Boulevard de la mort ne possède pas cette ampleur et se révèle beaucoup plus simple : une équipe de filles en bagnole et un tueur à leurs trousses avec une structure en boucle puisque la deuxième partie semble reprendre la première avec de légères variations : photo plus soignée aux couleurs plus contrastées et plus vives, filles plus « viriles » (elles aiment les mêmes films que Tarantino, en particulier le Point limite zéro de Richard Sarafian, grande référence du film), etc. (curieusement, ce dispositif m’a moins fait penser aux films de genre qu’à Une sale histoire d’Eustache). Je n’ai lu pour l’instant qu’une seule critique de ce film, celle de Télérama, mais en feuilletant d’autres revues, je me rends compte que les zélateurs du film vont délirer sur cette astuce scénaristique.

Voir dans ce dispositif un parangon de la modernité me paraît exagéré. Le film m’a paru beaucoup moins emballant d’un point de vue narratif que ne le furent Jackie Brown ou Kill Bill et Tarantino ne tire pas grand-chose de ce dispositif si ce n’est l’idée, assez illustrative, que les films de « drive-in » sont construits sur cet éternel retour des mêmes stéréotypes, déclinables à l’infini.

Pour résumer la construction des deux parties de boulevard de la mort, nous observerons qu’elles se composent dans un premier temps d’une longue séquence dialoguée, plutôt brillamment (marque de fabrique du cinéaste depuis Reservoir Dogs) où les filles se crêpent le chignon ; puis d’une course-poursuite entre elles et notre cascadeur bas du front.

Le résultat est brillant (franchement, on ne s’ennuie pas une seconde et Tarantino reste un virtuose de la caméra) mais m’a néanmoins paru d’une abyssale vacuité. De plus, j’ai retrouvé dans ce dernier opus ce qui m’agaçait un peu dans ses deux premiers films : une manière de jouer au petit malin et d’afficher sa cinéphilie déviante comme quelque chose de très « tendance » (un peu à la manière des bobos prisant les 33 tours !). Vous remarquerez que les personnages ne parlent que de ça : comment être « cool », comment se donner des frissons pour « déconner », sans parler du « look » de ses potiches vulgaires censées incarner l’essence de la féminité d’aujourd’hui. Ceux qui parlent de grand film « féministe » me font marrer. D’une part parce que Tarantino filme des personnages féminins bêtes à manger du foin, d’autre part parce que je conseille à ceux qui pensent ainsi de revoir le Faster pussy cat, kill !kill ! de Russ Meyer (cinéaste cité au générique de fin du film. Les deux meilleurs moments du film sont d’ailleurs les génériques !) pour constater que Tarantino n’a rien inventé et qu’il se contente de puiser largement dans ledit film (et dans ceux de Robert Lee Frost, entre autres).
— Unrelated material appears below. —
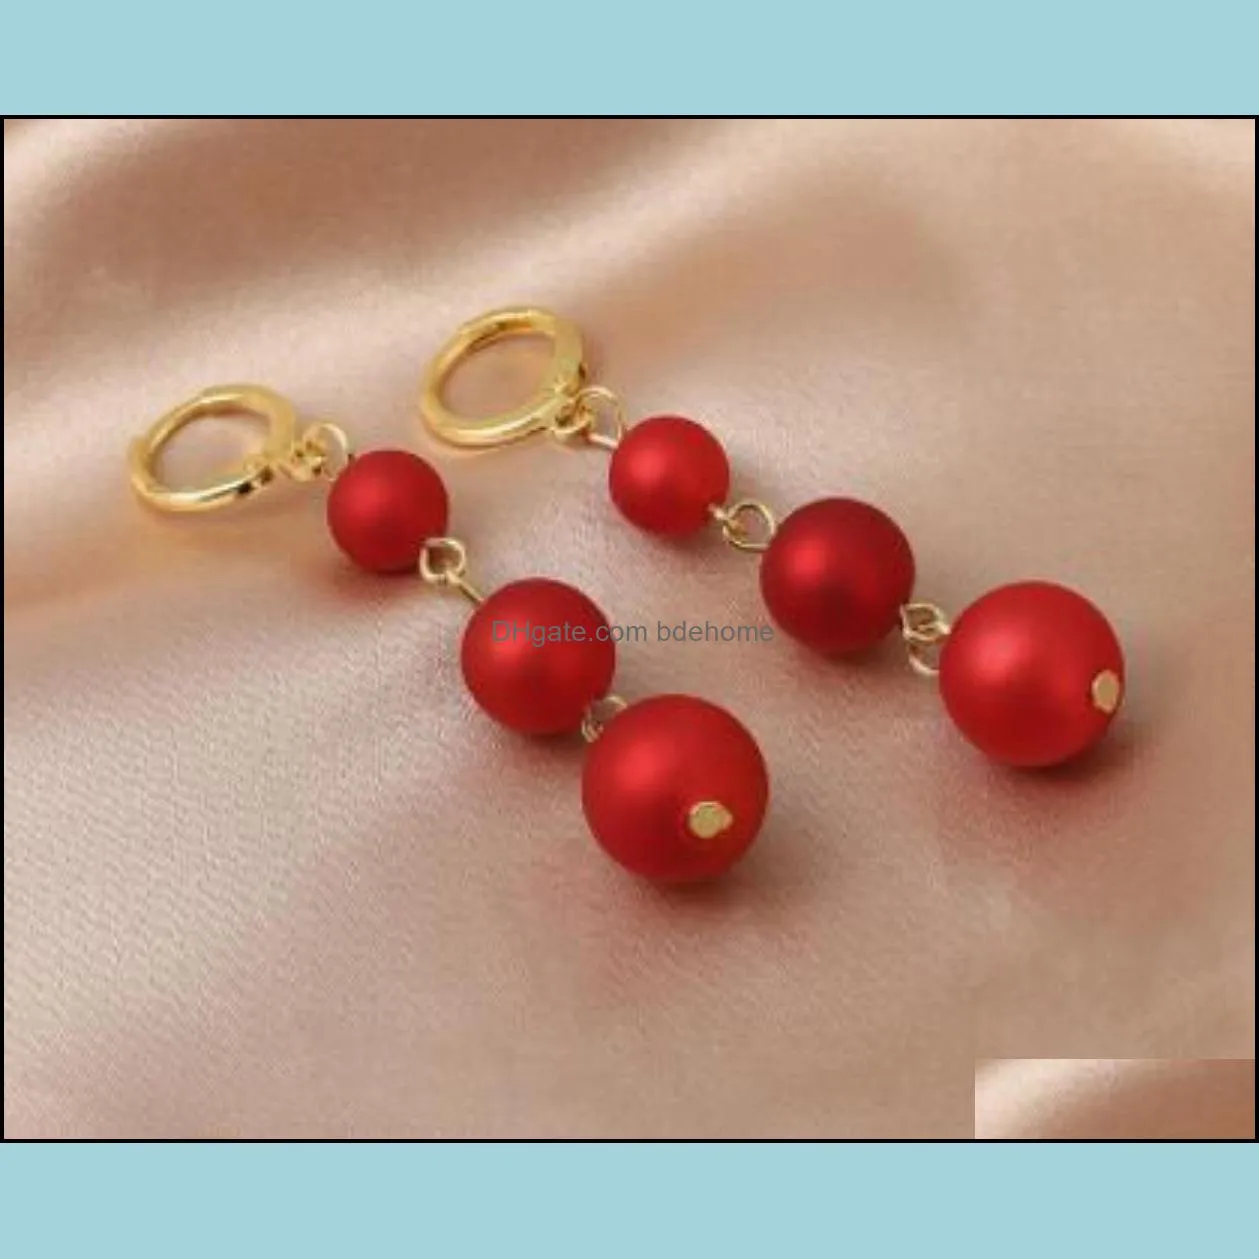 Andra andra ￶rh￤ngen smycken naturlig ￤ngelit ￤delsten dingle charm guld f￤rg semiprecious kedja long lady mode present dhuzu drop otqvn

Bon, je le répète : je surjoue ici la sévérité parce qu’il me semble que l’accueil réservé à ce film me semble un peu disproportionné. A côté de cela, c’est un pur exercice de style, très virtuose, qui se regarde avec un vrai plaisir. Entre Gomez et Tavarès 2 et Shrek 3, y a pas à tortiller : c’est Tarantino qu’il faut préférer.